PostgreSQL 9.5 Does UPSERT Right (thenewstack.io)

joabj writes: For years, PostgreSQL users would ask when their favorite open source database system would get the UPSERT operator, which can either insert an entry or update it if a previous version already existed. Other RDMS have long offered this feature. Bruce Momjian, one of the chief contributors to PostgreSQL, admits to being embarrassed that it wasn't supported. Well, PostgreSQL 9.5, now generally available, finally offers a version of UPSERT and users may be glad the dev team took their time with it. Implementations of UPSERT on other database systems were "handled very badly," sometimes leading to unexpected error messages Momjian said. Turns out it is very difficult to implement on multi-user systems. "What is nice about our implementation is that it never generates an unexpected error. You can have multiple people doing this, and there is very little performance impact," Momjian said. Because it can work on multiple tables at once, it can even be used to merge one table into another.

8 of 105 comments (clear)

  1. Re:I'm curious by Anonymous Coward · · Score: 2, Informative

    Something like this :

    IF EXISTS (SELECT id FROM [table] WHERE id = :id)
    THEN
          UPDATE TABLE [table] .......... WHERE id = :id
    ELSE
          INSERT INTO [table] (.......) VALUES (...........)
    END IF;

  2. Re: Fucking finally. by Rei · · Score: 4, Informative

    Postgres is leading edge in some things, like (ridiculously useful) table inheritance. Their implementation could have been slightly better (the most common complaint being that indices don't inherit, you need to re-add them on all descendants), but I'm very glad that they were early adopters on this one. They even pulled off multiple inheritance well.

    --
    He's the sort of person who would sell the Red Cross to Dracula.
  3. Re:I'm somewhat by Lord+Crc · · Score: 4, Informative

    Is this summary saying that, prior to now, you could not update data that was in the database?

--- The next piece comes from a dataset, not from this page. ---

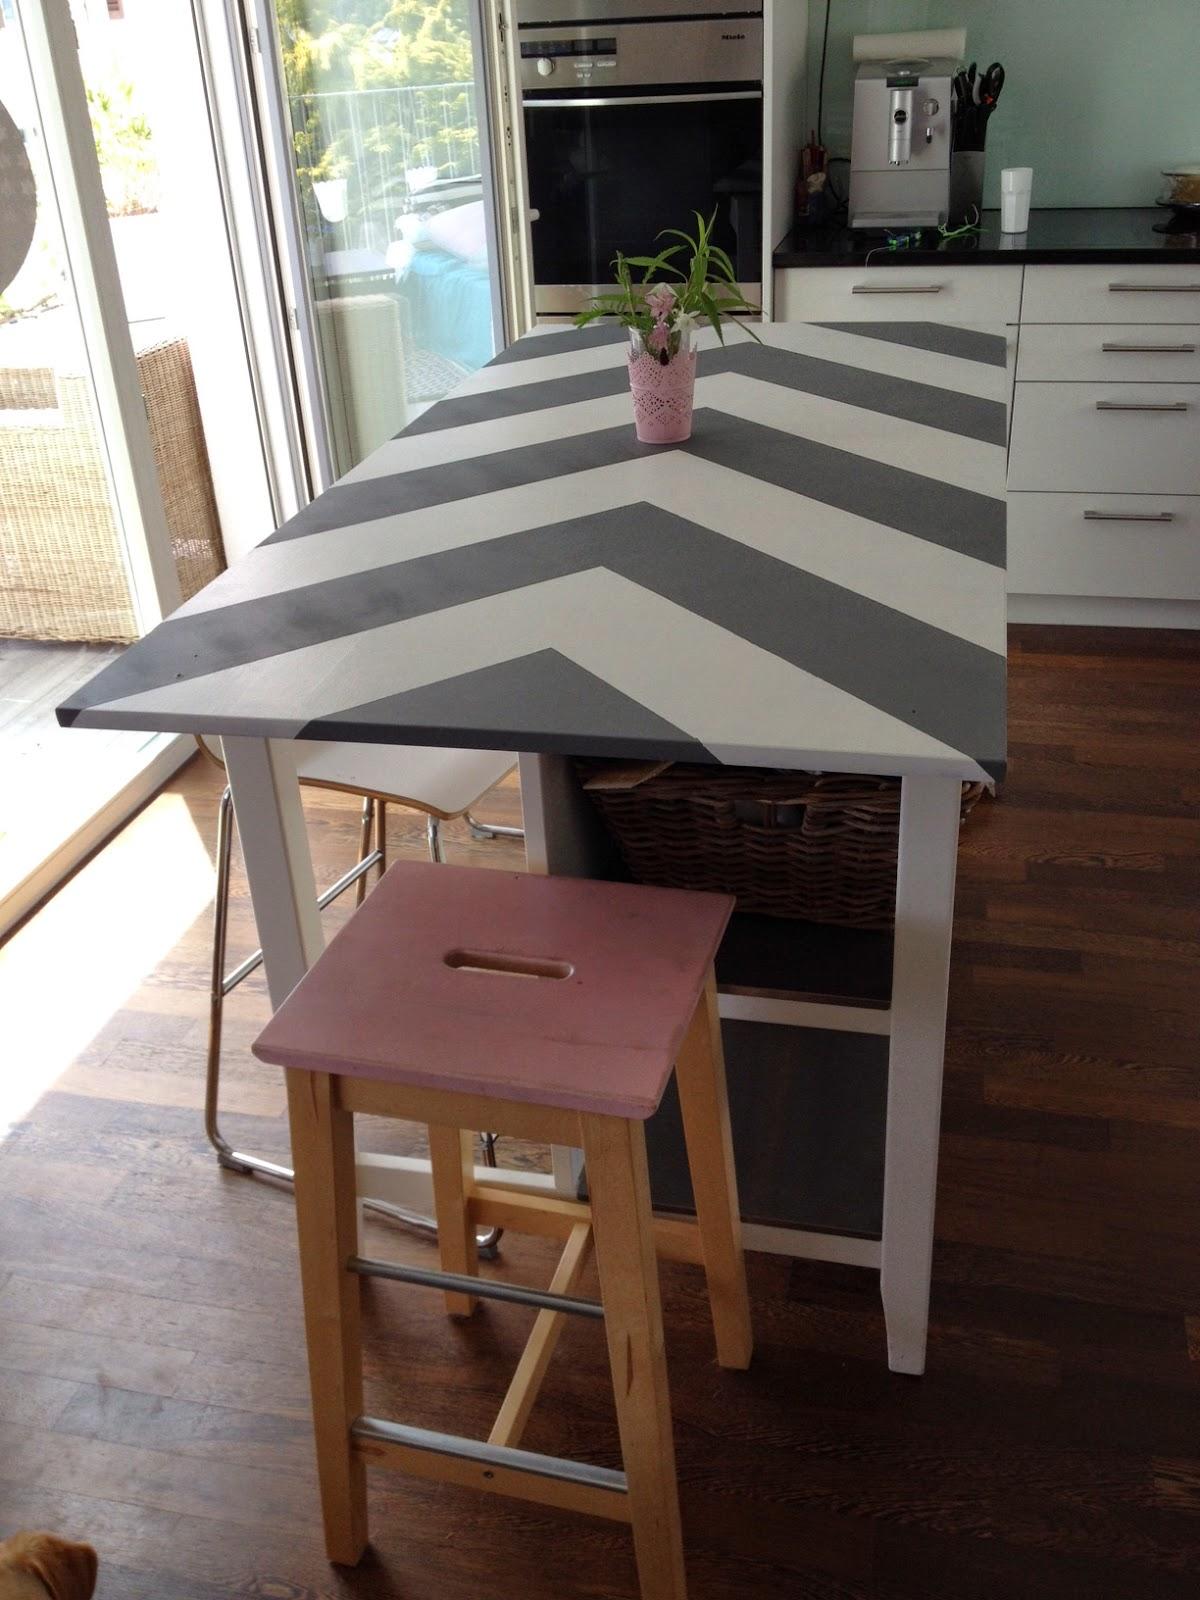 Ungewöhnlich Ikea Küche Insel Hacker Ideen   Ideen Für Die Küche .
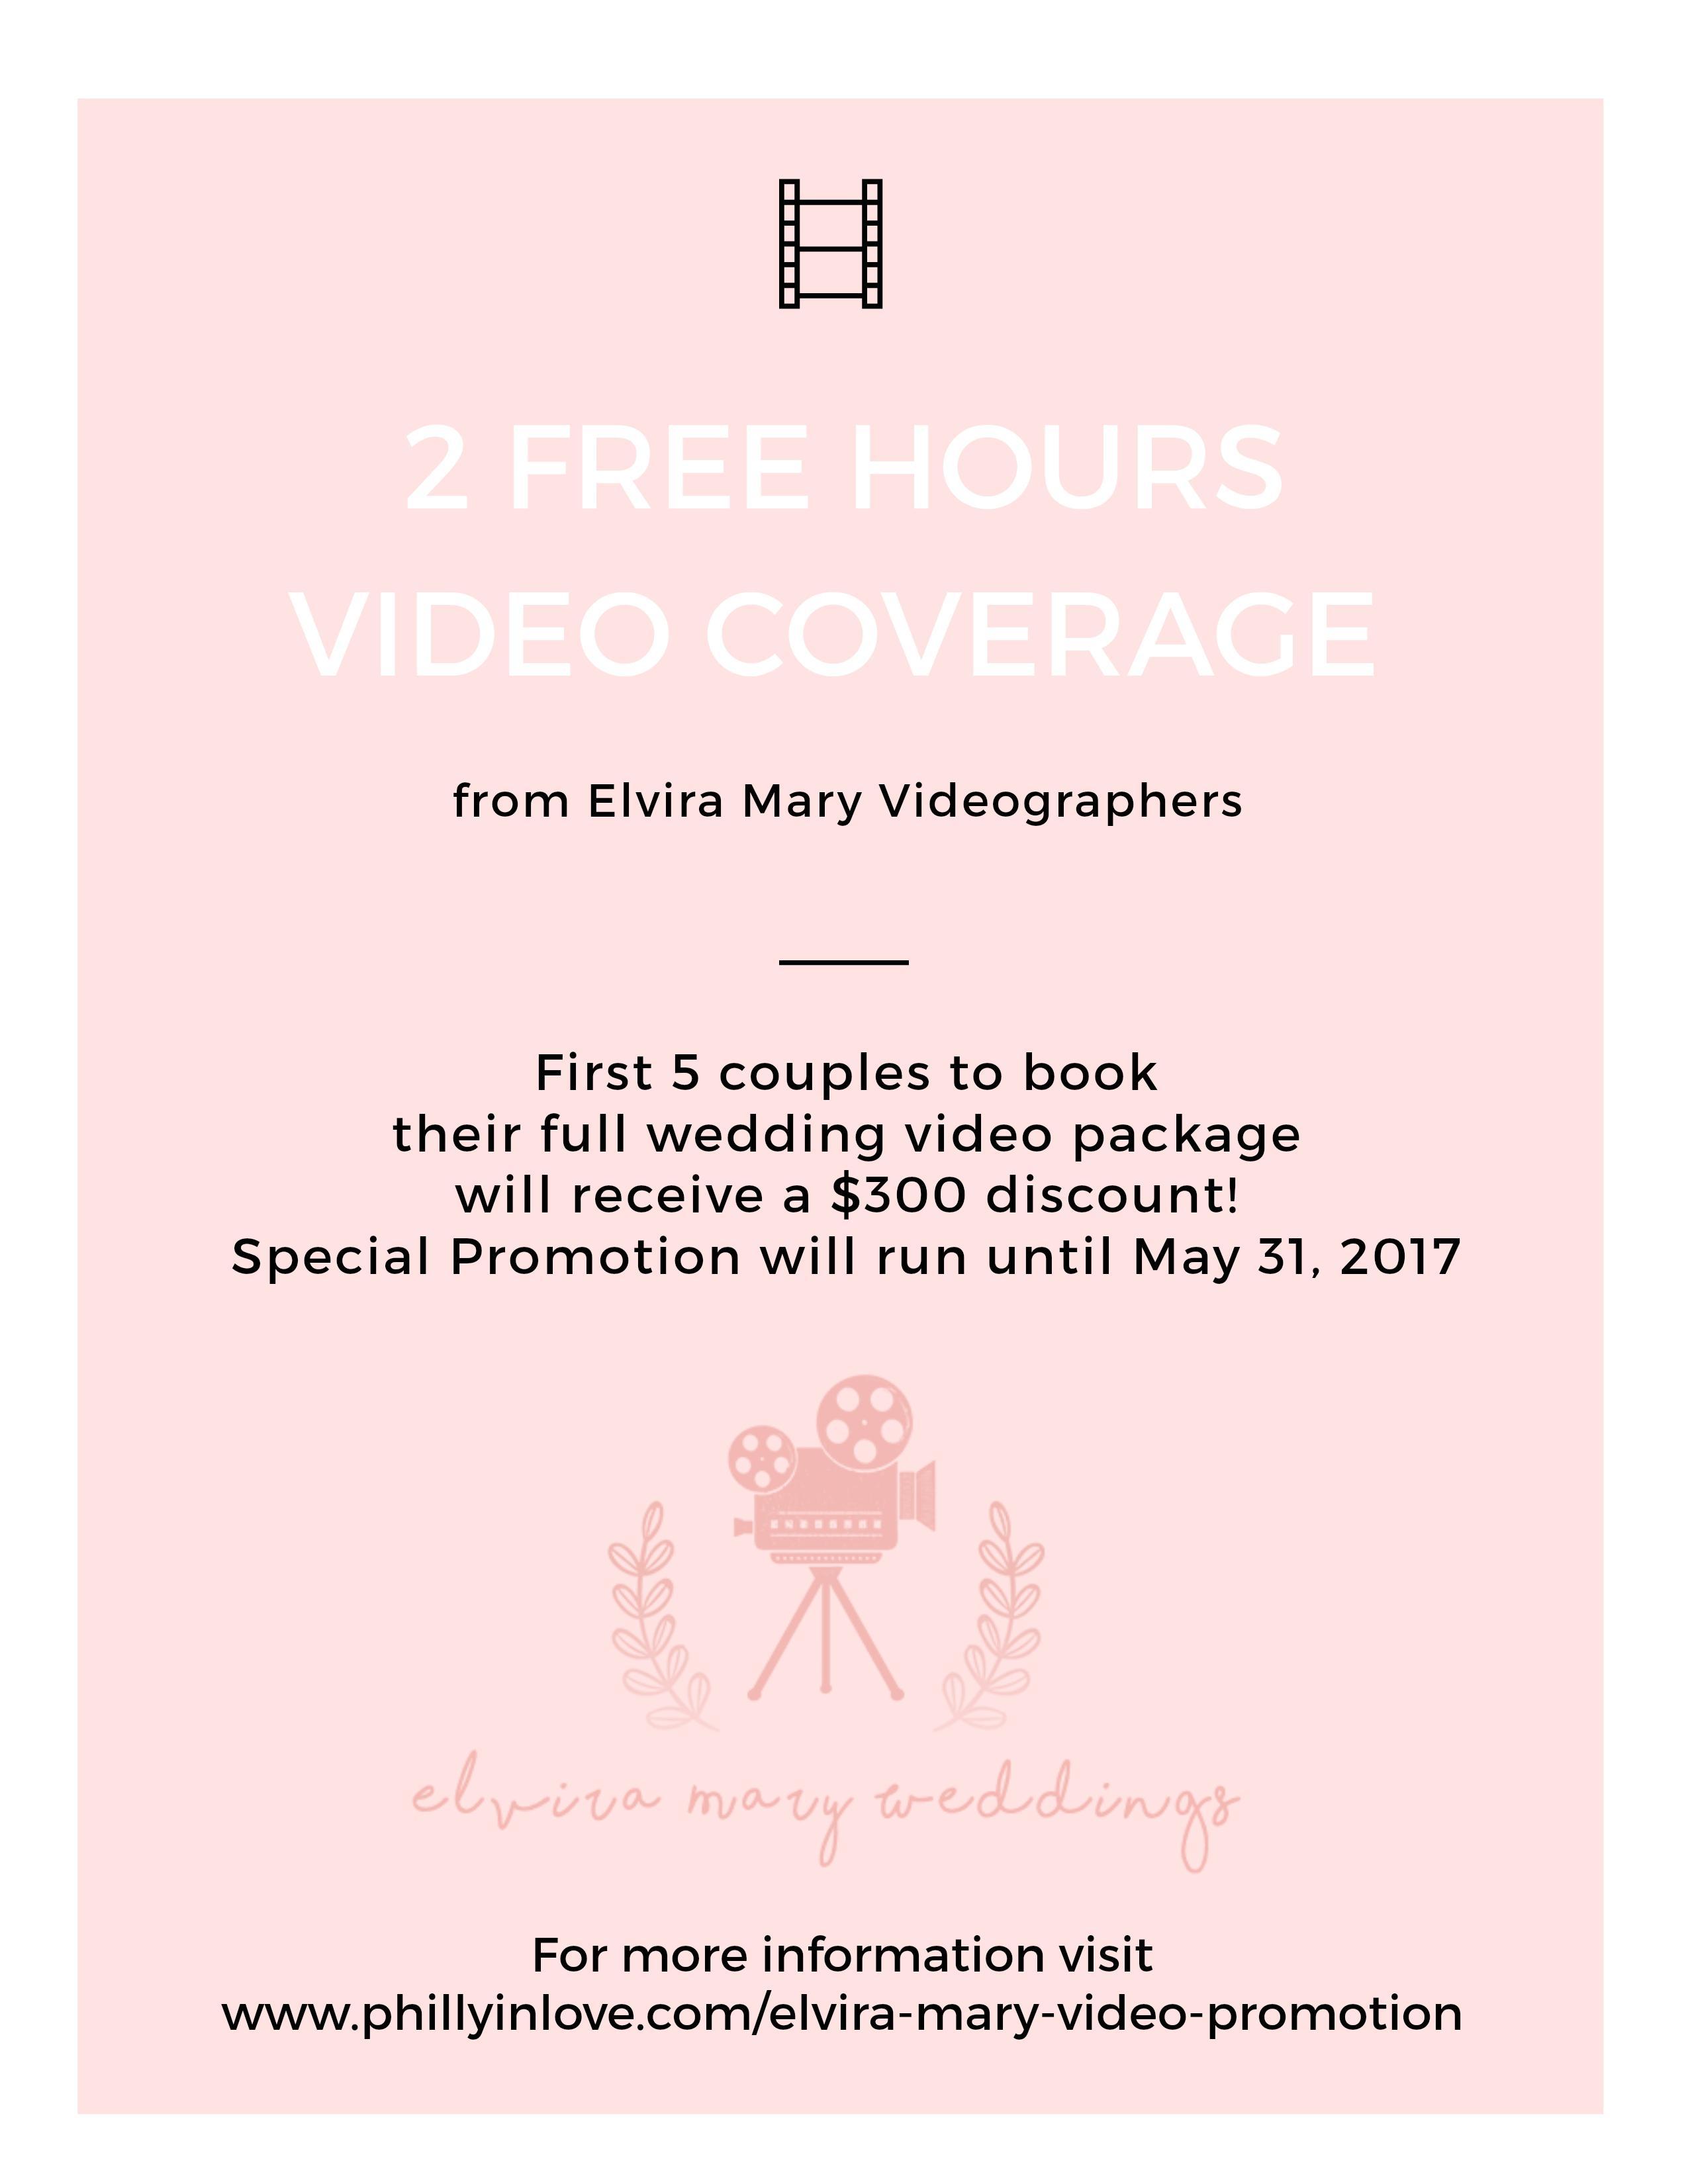 Elvira Mary Videographers

    No. In some cases you want to use a table like a key-value storage. If the key does not exist you need to insert a row with that key. Otherwise you'll want to keep only one row with that key, and just update the value.

    One can always do a "if key exists then update else insert", but the problem is that this is not atomic, because the "key exists" check is a separate statement from the insert or update statement. This can lead to issues if you have multiple connections accessing the same keys at the same time.

    The UPSERT allows you to do this as one atomic operation.

  4. Re:I'm somewhat by vikingpower · · Score: 3, Informative

    Lord Crc answered correctly. UPSERT = (INSERT iff not exists... else UPDATE ). The article is correct in the sense that other databases, especially open source one, do not always handle this one correctly. It was not part of "traditional" SQL and is rather new. Object-oriented and graph databases do not have any problems with such operators, as they're explicitly written to deal with this use case. For relational databases like PostgreSQL this is a harder one to get right. Whether PostgreSQL now really got it right, can only be proven by protracted use "out in the wild".

    --
    Religous speak to God. Insane are spoken to by God. When all shut up, one can finally hear Shostakovich in peace
  5. Re: Thanks a lot PostgreSQL devels by Anonymous Coward · · Score: 4, Informative

    It is not that trivial, if you have to take into account race conditions and roll-back without using a global lock which would kill the performance. There are actually quite a few research papers just about this problem.

  6. Re:I'm somewhat by Lord+Crc · · Score: 4, Informative

    Most databases allow you to do transactions (BEGIN TRAN/COMMIT TRAN) that force it to be atomic.

    Sure, but in that case you might get errors when you try to commit if another connection has changed the value in the meantime, and you'll have to retry the whole thing. That's what UPSERT avoids.

  7. Re:Too late by MagicMerlin · · Score: 3, Informative

    That's how to do it. It has to be managed in a loop transaction side or in the application. This loop is remarkably difficult to get right by most programmers. For example, if a trigger is added to the inserted table after the fact causing an error in some other table, most loop based upsert code I've seen will fail into an infinite loop.

  8. Re:I'm curious by halivar · · Score: 3, Informative

    MERGE can combine multiple INSERT, UPDATE and DELETE operations into a single atomic operation.

    In PostgresSQL, Oracle, and SQL Server, MERGE is not atomic. Also, it is not UPSERT. You can use MERGE to accomplish the same end goal, but they are not synonymous and they do not work the same. Also, the syntax is idiosyncratic, and most extant implementations are problematic enough that MERGE is best avoided.